Jess: 🤣 still recovering from "scaling intimacy"…i wonder is this the "right" / best goal for us in community building?
Vicky: i think community builders - at least those involved with private capital - need new language for what we're doing.
Jess: amen. language is really at the heart of connecting and making shared meaning.
Vicky: i get what they're trying to communicate but if we look at nonprofits, grassroots organizers, co-ops, faith groups…people have been engaging in these communal, collective ways for centuries (millennia?) already.
Jess: is the scale approach better represented by developing something which provides great value for the group and then opening it up? sharing it out as a tool and using that as the basis (platform) for connection rather than this branded membership view?
Vicky: yes and recognizing that sometimes it's the unsexy stuff that needs to scale first. pleasing packaging and polish is a nice-to-have.
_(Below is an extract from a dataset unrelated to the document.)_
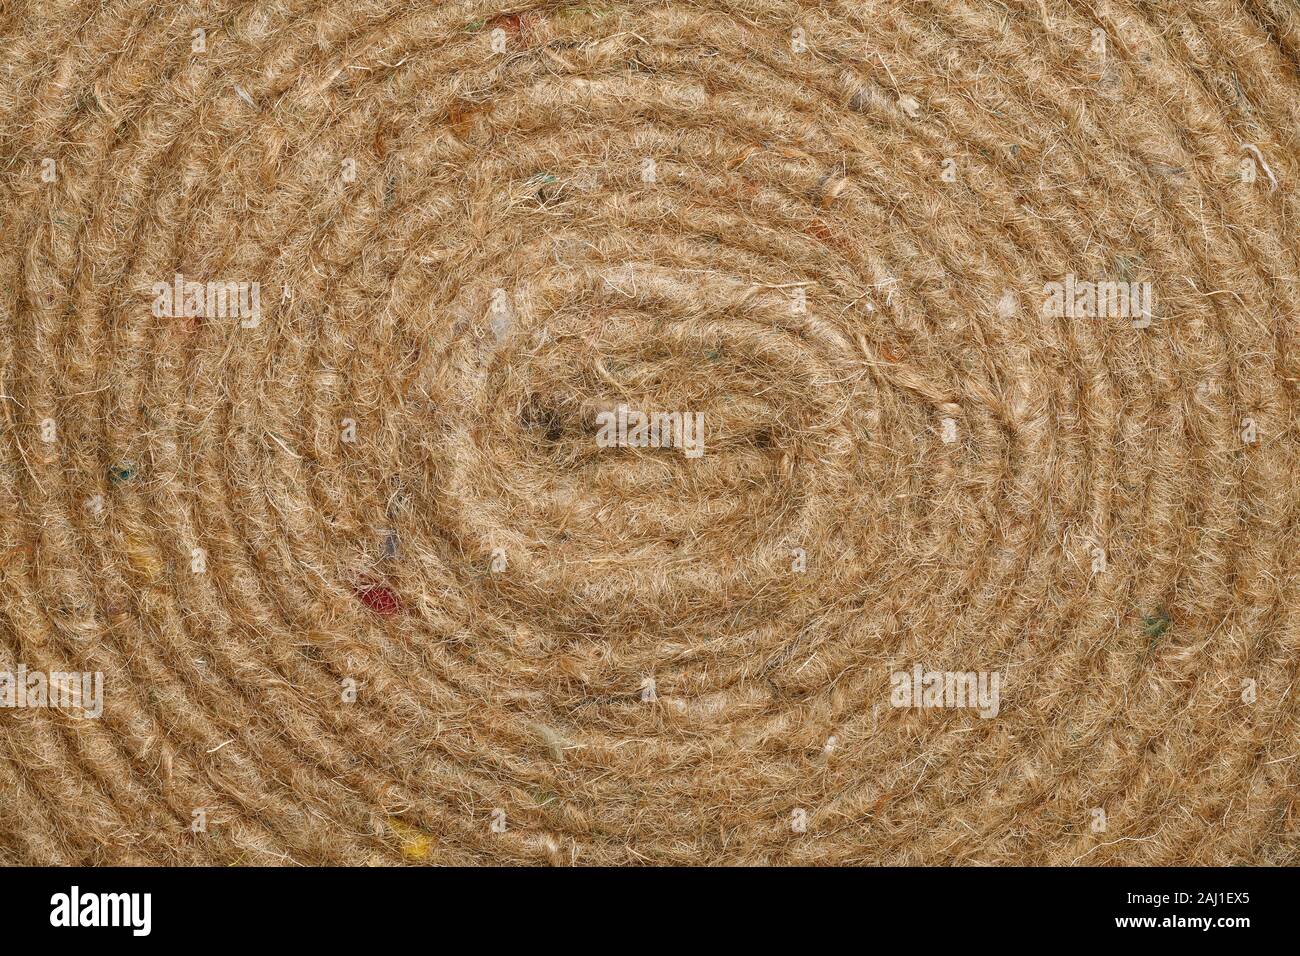 Close up dettaglio di una spirale di grossolana del materiale di feltro Foto Stock

Jess: yes! and in these groups, we get to grapple with the really interesting tensions like the need for autonomy and freedom of expression while balancing it with collective belonging…
Vicky: going back to how good design is about how it works, not how it looks.
Jess: form follow function 4eva
Jess: *follows
Vicky: no no leave the typo, we are beautiful imperfections tehe
Jess: so many other thoughts to add. think we could have this chat in 12 months and it would be an entirely different view…i guess we'll see!